*July 2, 2019*

This post offers some code for implementing the information in the previous page of this tutorial, which covered the theory and equations of converting camera calibration information in the OpenCV context to the OpenGL context. There’s a Github repository to support this post, which you can grab here.

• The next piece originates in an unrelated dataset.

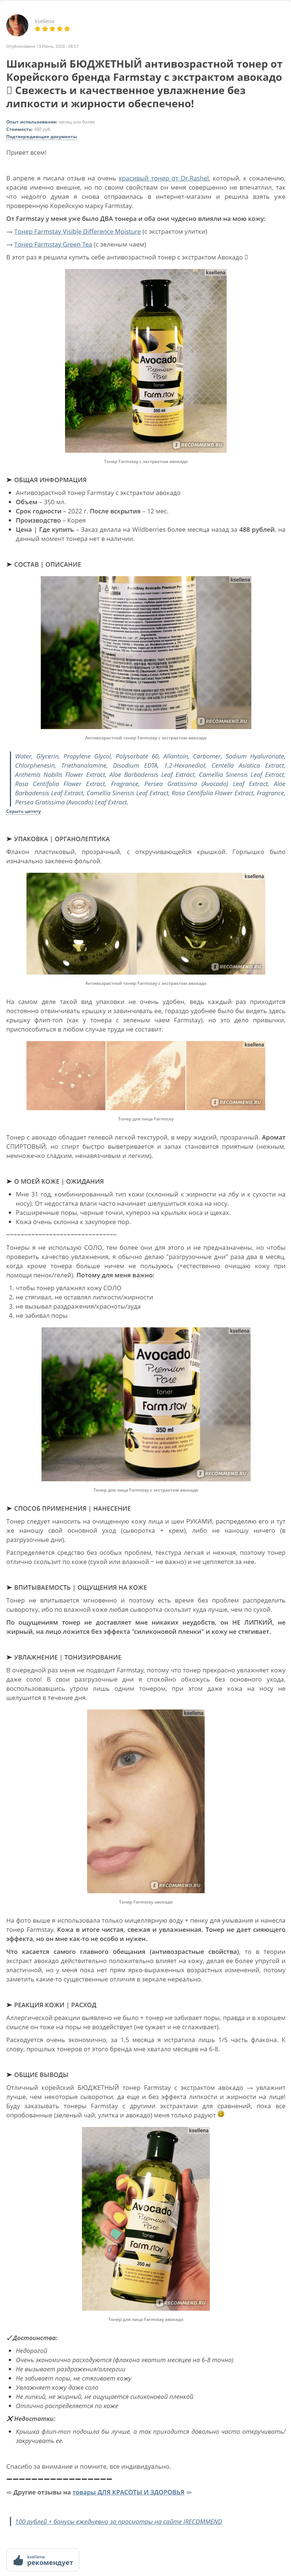 avocado_premium_pore_toner_farmstay
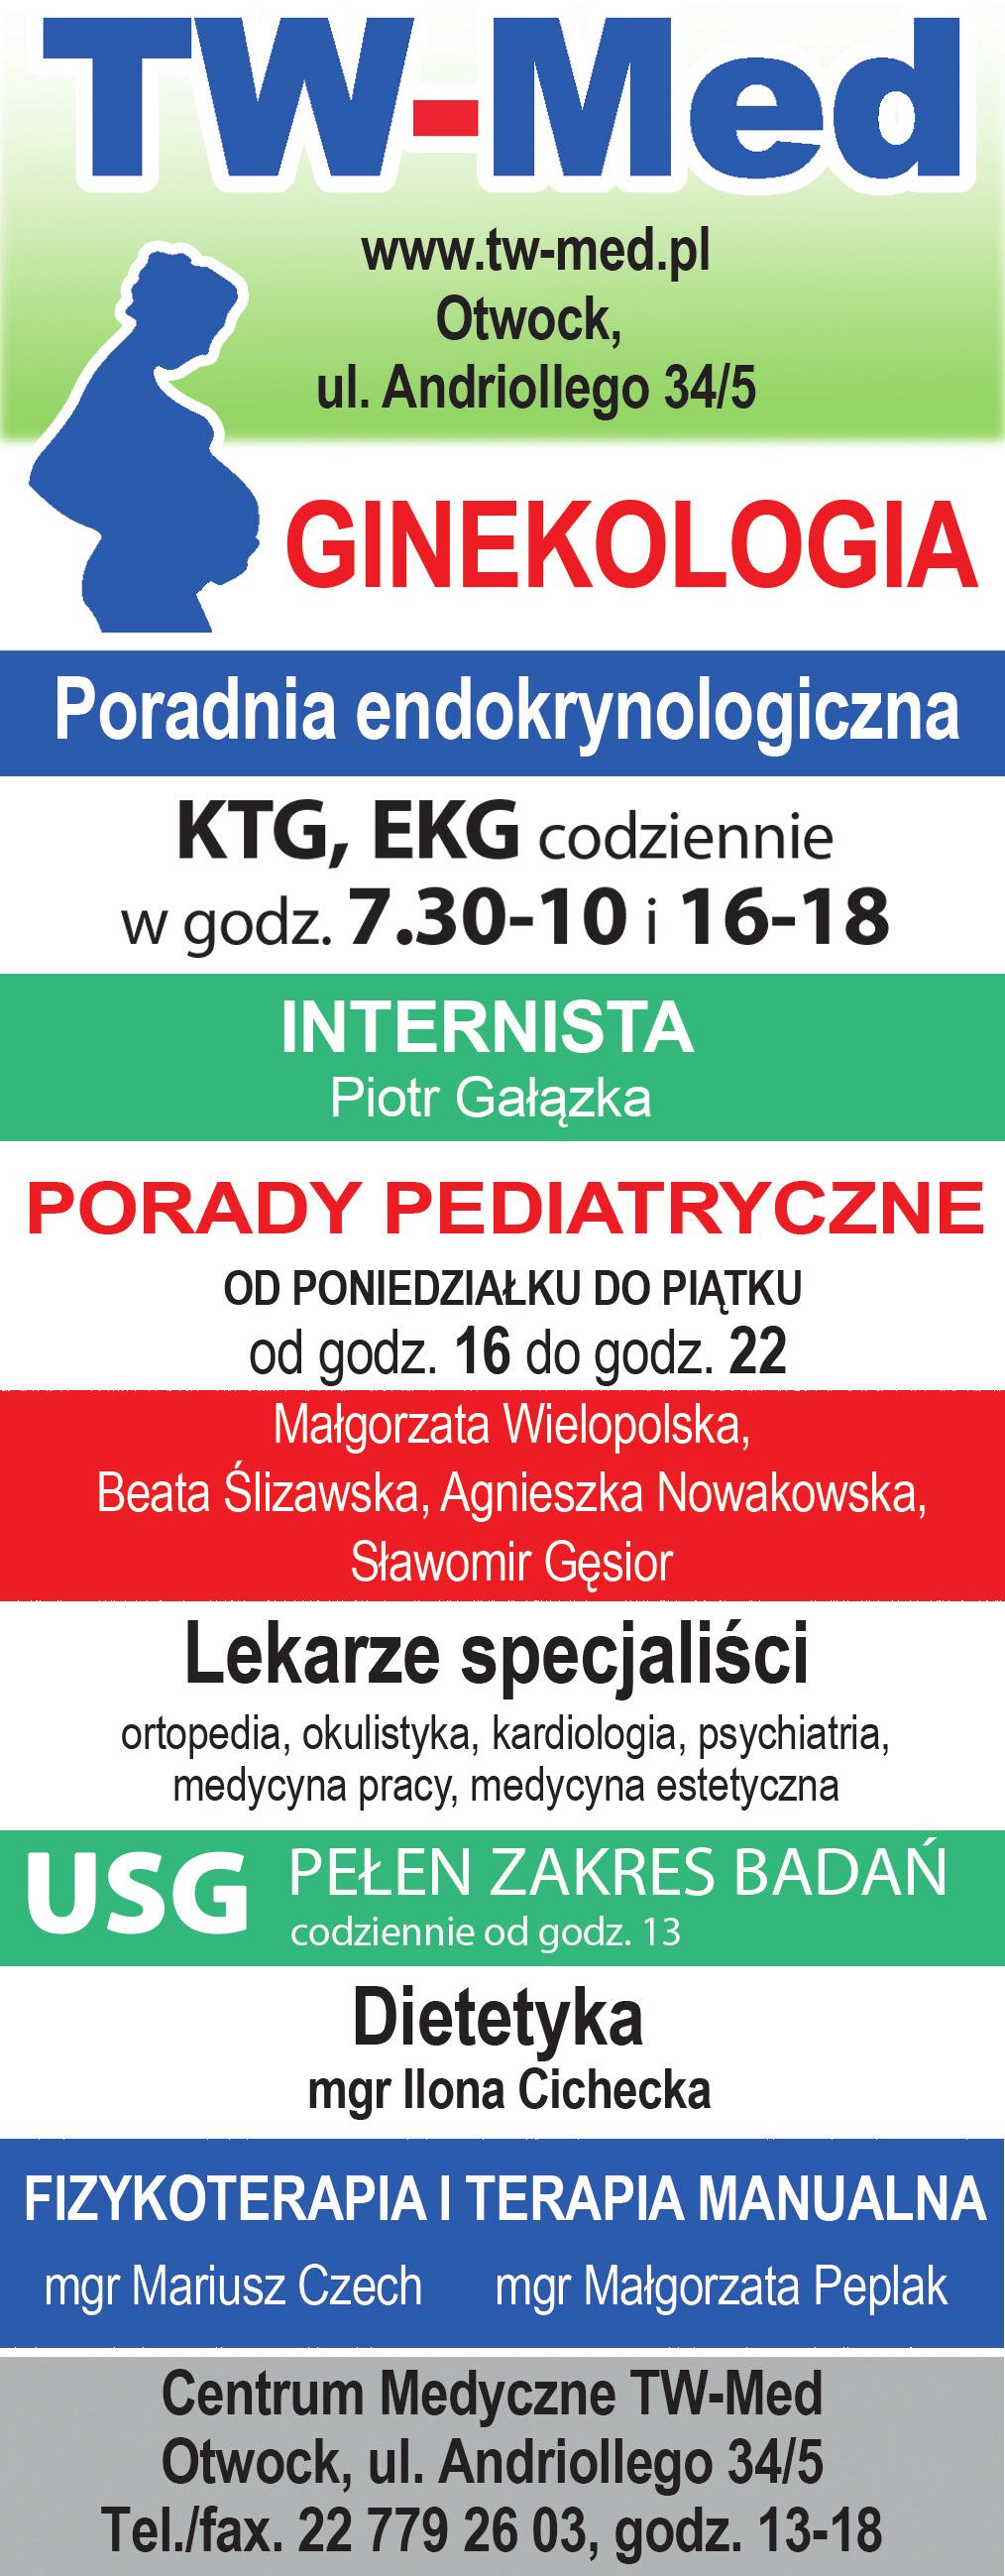 ogłoszenia drobne 41 linia otwocka 28 sierpnia 3 września 2017 GaBineT okulistyczny SPECJALISTYCZNE CENTRUM REHABILITACJI www.specer.pl lek. małgorzata gruchoła specjalista ii st. okulistyki lek.

- Back to page 1 of this tutorial – OpenCV->OpenGL theory and equations.
- More preliminaries.
- Where do you put the matrices?
- Examples of test cases – cube.
- Example of test cases - horse.
- Page 3: Rotating models with OpenGL.

Back to Tips and Tricks Table of Contents

Assuming that you have computed your matrices from the previous page, there’s a couple small items remaining to get to an implementation. A reminder that we had:

\[\mathbf{x}_{GL} = \mathbf{NDC} \quad \mathbf{K}_{GL} \begin{bmatrix} \begin{matrix} \mathbf{R} \\ \begin{matrix} 0 & 0 & 0\end{matrix} \end{matrix} & \begin{matrix} \mathbf{t} \\ 1 \end{matrix} \end{bmatrix} \mathbf{X}\]The first item is that there is an additional transformation that may rotate and translate the model – this is sometimes called the modelview matrix in OpenGL-speak. I will denote this matrix as \(\mathbf{M}\), and it is a \(4 \times 4\) matrix. This matrix may be a Euclidean transformation, a similarity transform, affine, projective, you name it – it should not be non-singular, but there’s nothing preventing you from specifying a non-singular matrix. Given this, we have:

\[\mathbf{x}_{GL} = \mathbf{NDC} \; \mathbf{K}_{GL} \begin{bmatrix} \begin{matrix} \mathbf{R} \\ \begin{matrix} 0 & 0 & 0\end{matrix} \end{matrix} & \begin{matrix} \mathbf{t} \\ 1 \end{matrix} \end{bmatrix} \; \mathbf{M} \; \mathbf{X}\](Reminder – these 3D->3D transformation in projective space are detailed in the H-Z book, and most will be interested a Euclidean transformation, composed of

\[\mathbf{M} = \begin{bmatrix} \begin{matrix} \mathbf{R} \\ \begin{matrix} 0 & 0 & 0\end{matrix} \end{matrix} & \begin{matrix} \mathbf{t} \\ 1 \end{matrix} \end{bmatrix}\]or a similarity transform, which scales coordinates in the model file. This is convenient when the coordinates in the model file are in meters, and millimeters are more convenient (or vice versa):

\[\mathbf{M} = \begin{bmatrix} \begin{matrix} s\mathbf{R} \\ \begin{matrix} 0 & 0 & 0\end{matrix} \end{matrix} & \begin{matrix} \mathbf{t} \\ 1 \end{matrix} \end{bmatrix}\]where \(s\) is a scalar.)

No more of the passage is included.